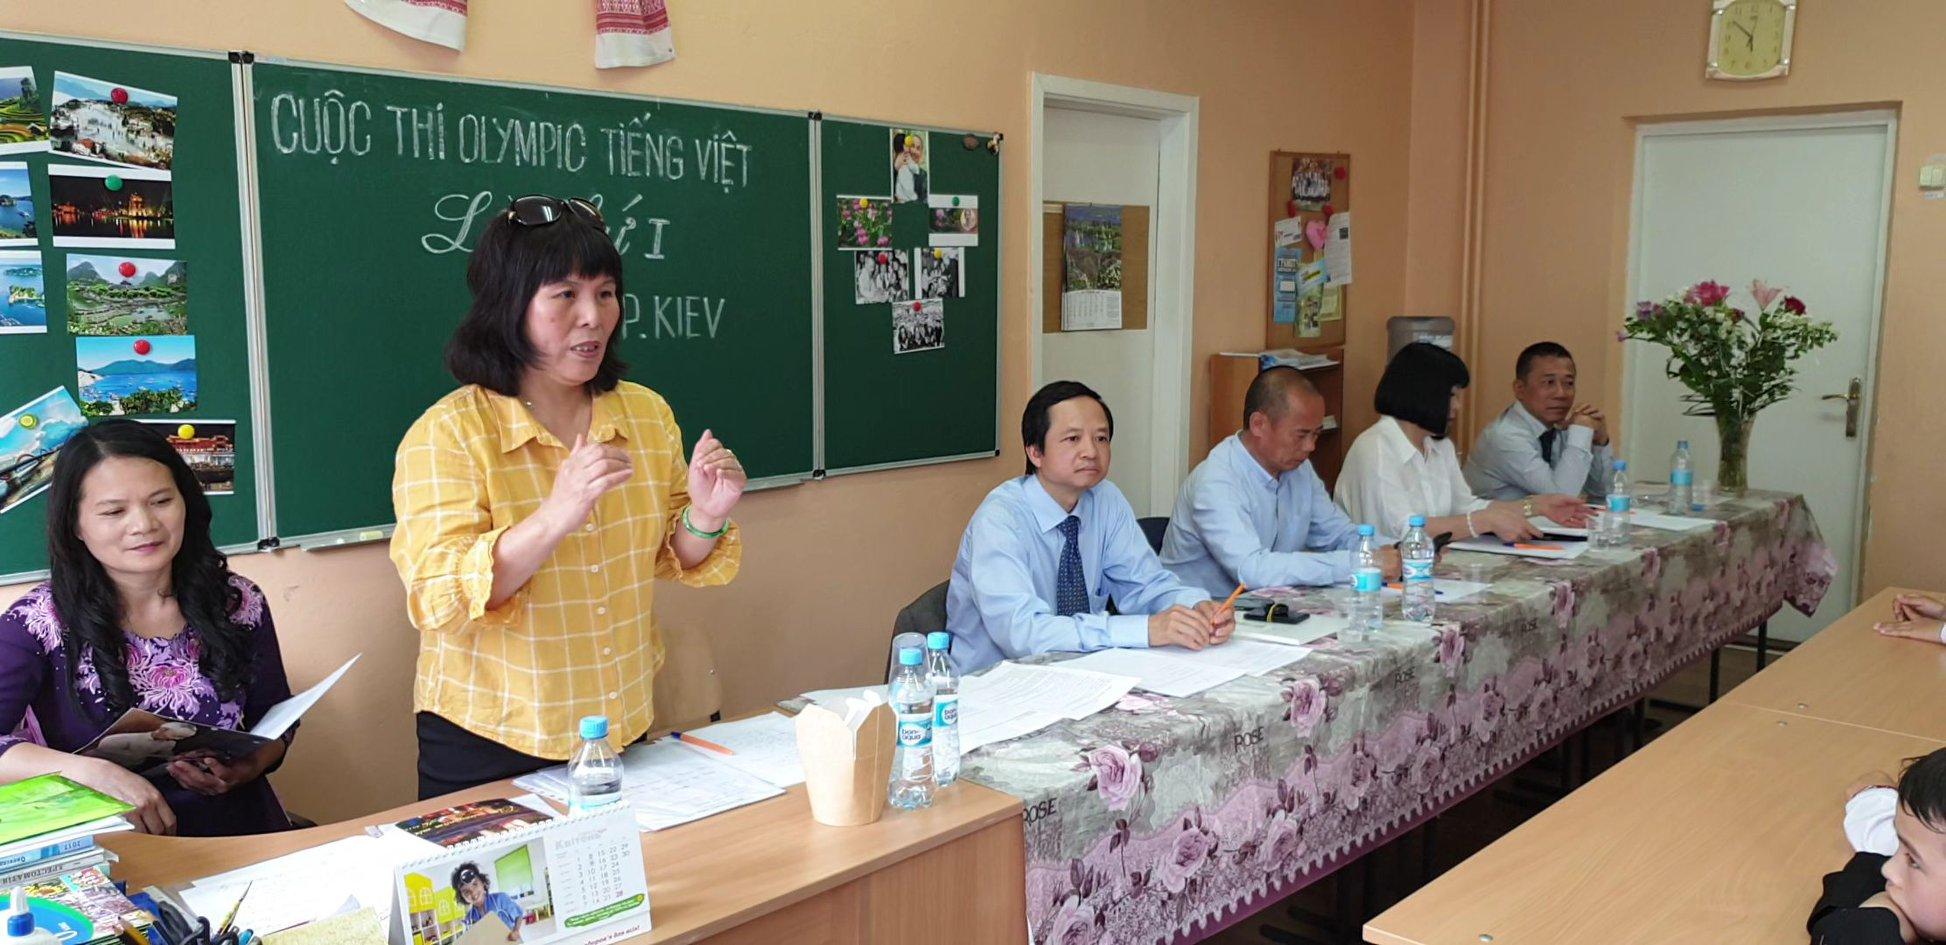 Cuộc thi Olympic tiếng Việt đầu tiên tại Kyiv - Ucraina
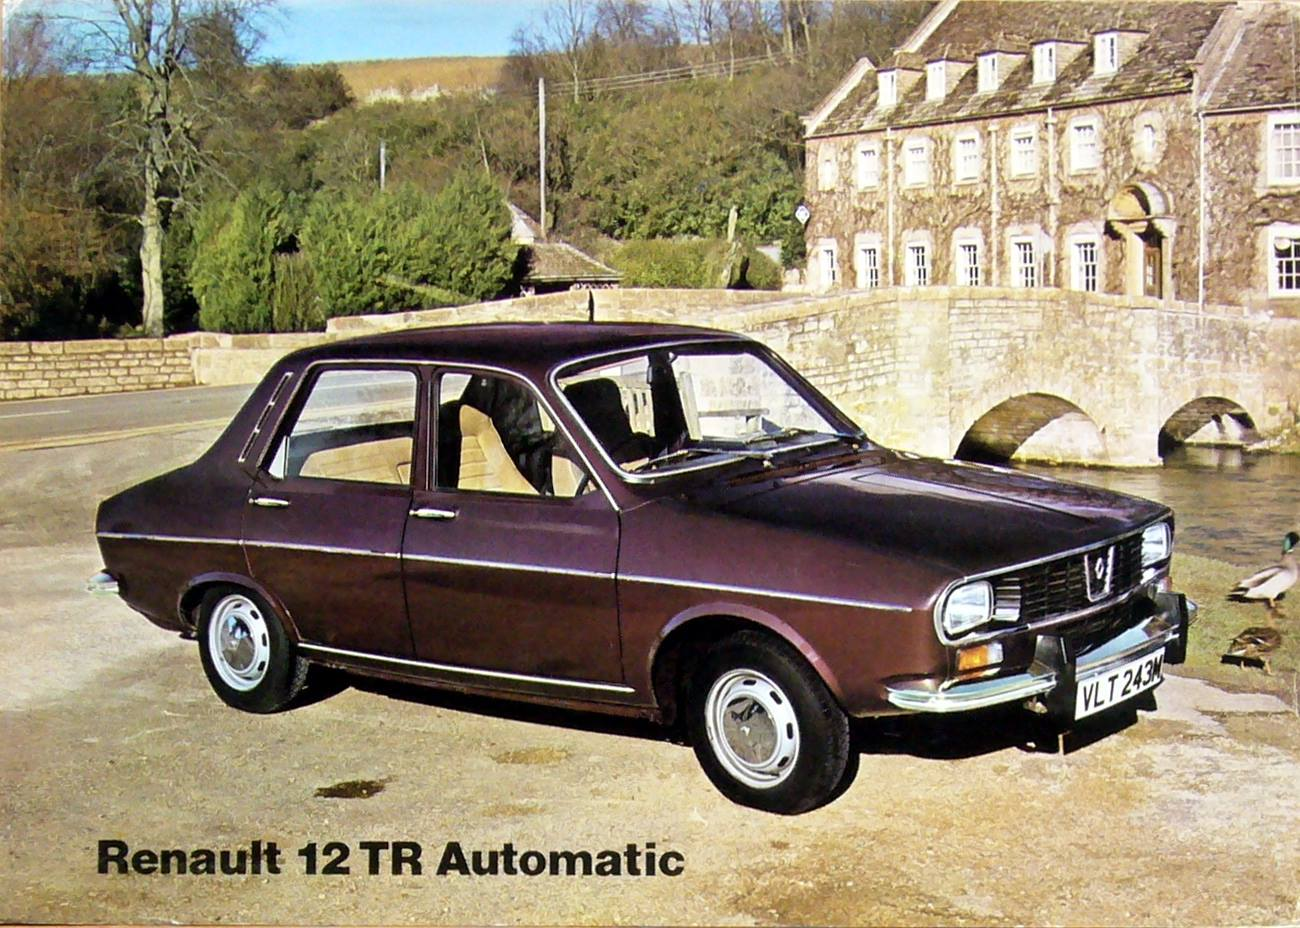 Renault-12-TR-type-1-break-1974-75-4
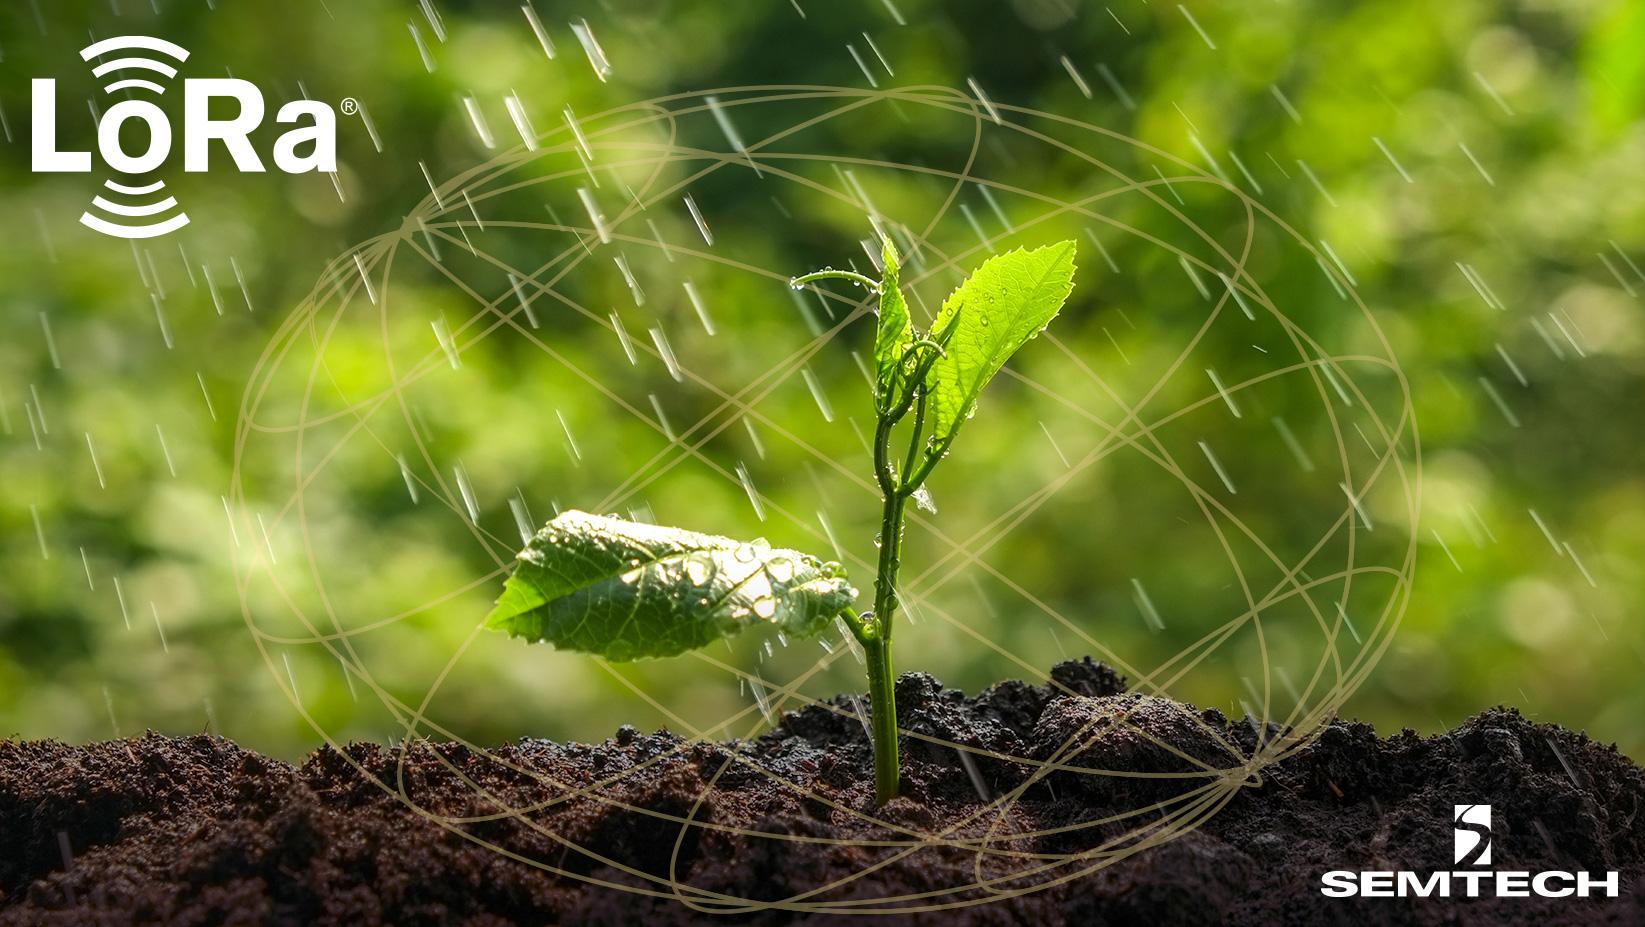 星纵智能借助LoRa无线技术将智慧农业转化为现实生产力
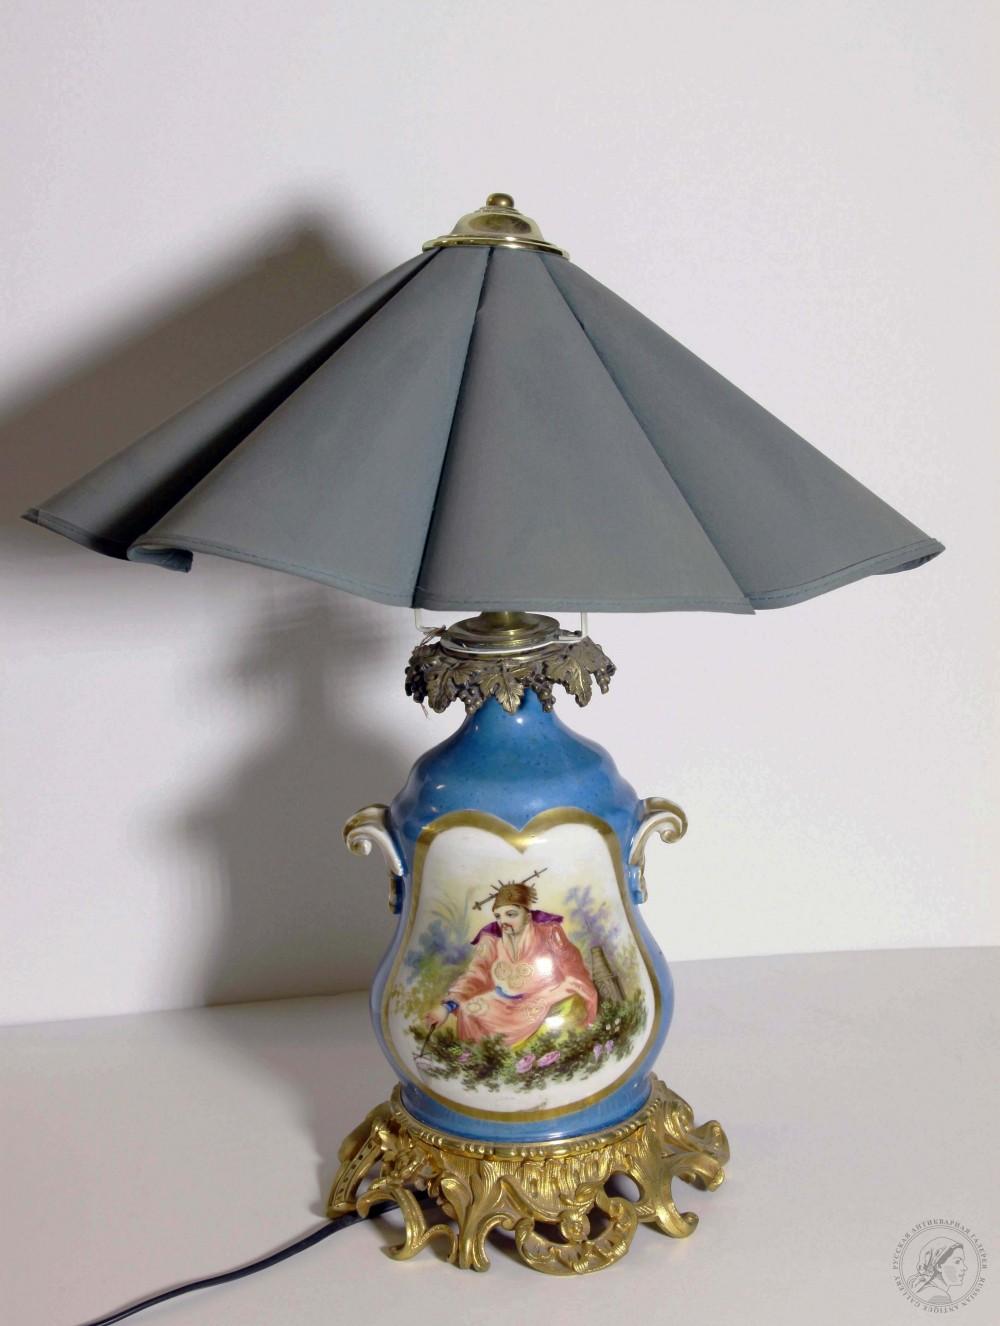 Лампа фарфоровая в псевдобарочном стиле с фарфоровым туловом
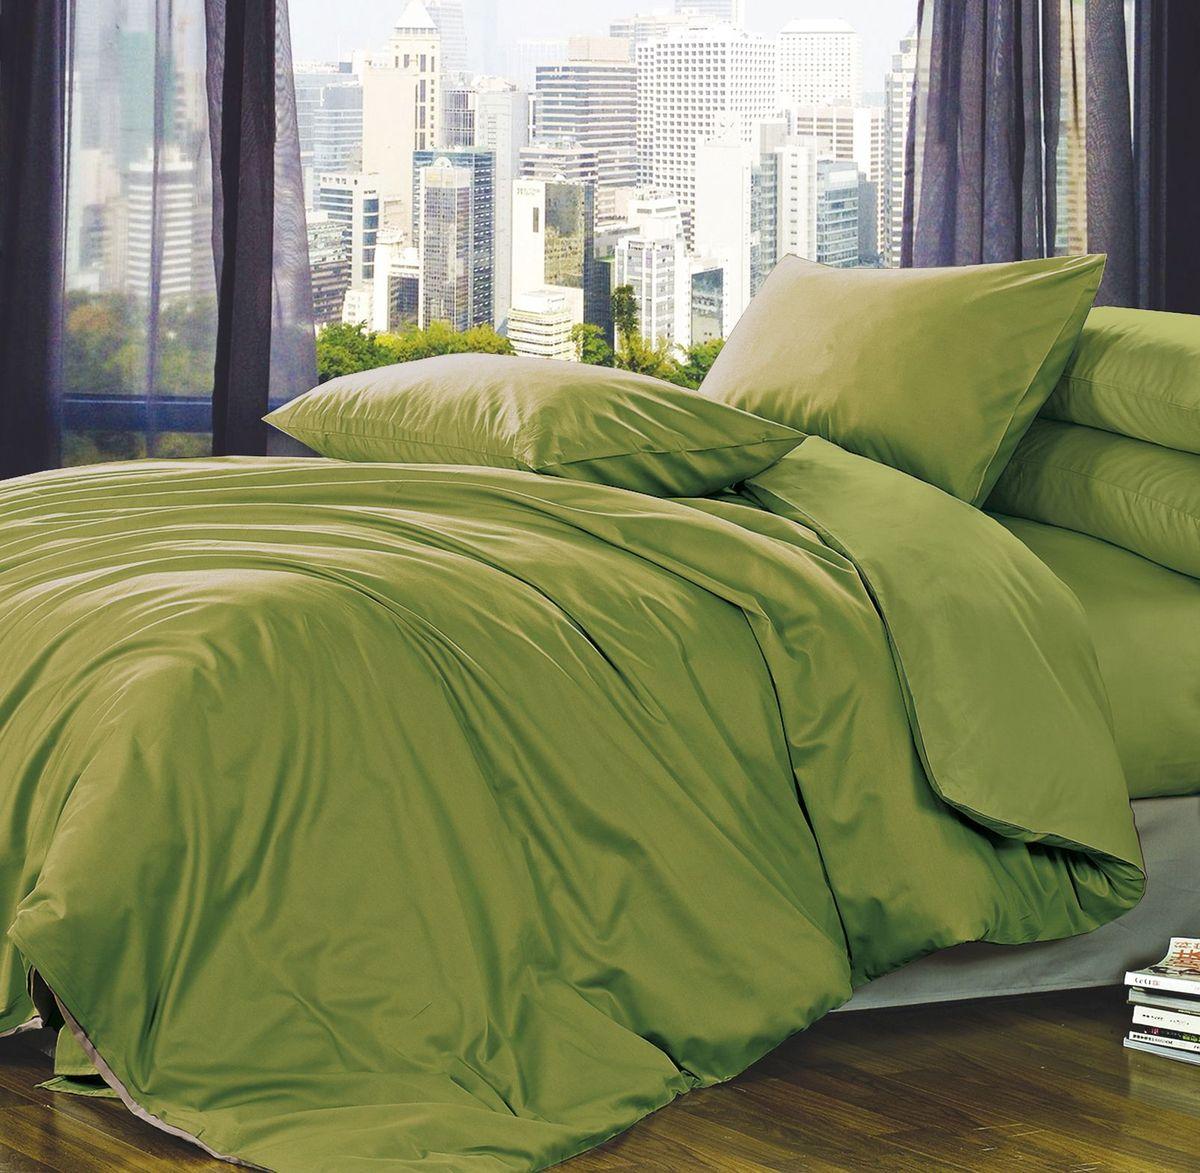 Комплект белья Коллекция Зеленый, 2,5-спальный, наволочки 50x70. ПС2.5/50/ОЗ/зелПС2.5/50/ОЗ/зел

**Directions:** Output the complete listing exactly as it appears, except for the images.

**Solution for this problem:**
 Cuộc thi Olympic tiếng Việt đầu tiên tại Kyiv - Ucraina
 Renault-12-TR-type-1-break-1974-75-4
 星纵智能借助LoRa无线技术将智慧农业转化为现实生产力
 Лампа фарфоровая в псевдобарочном стиле с фарфоровым туловом
 Комплект белья Коллекция Зеленый, 2,5-спальный, наволочки 50x70. ПС2.5/50/ОЗ/зелПС2.5/50/ОЗ/зел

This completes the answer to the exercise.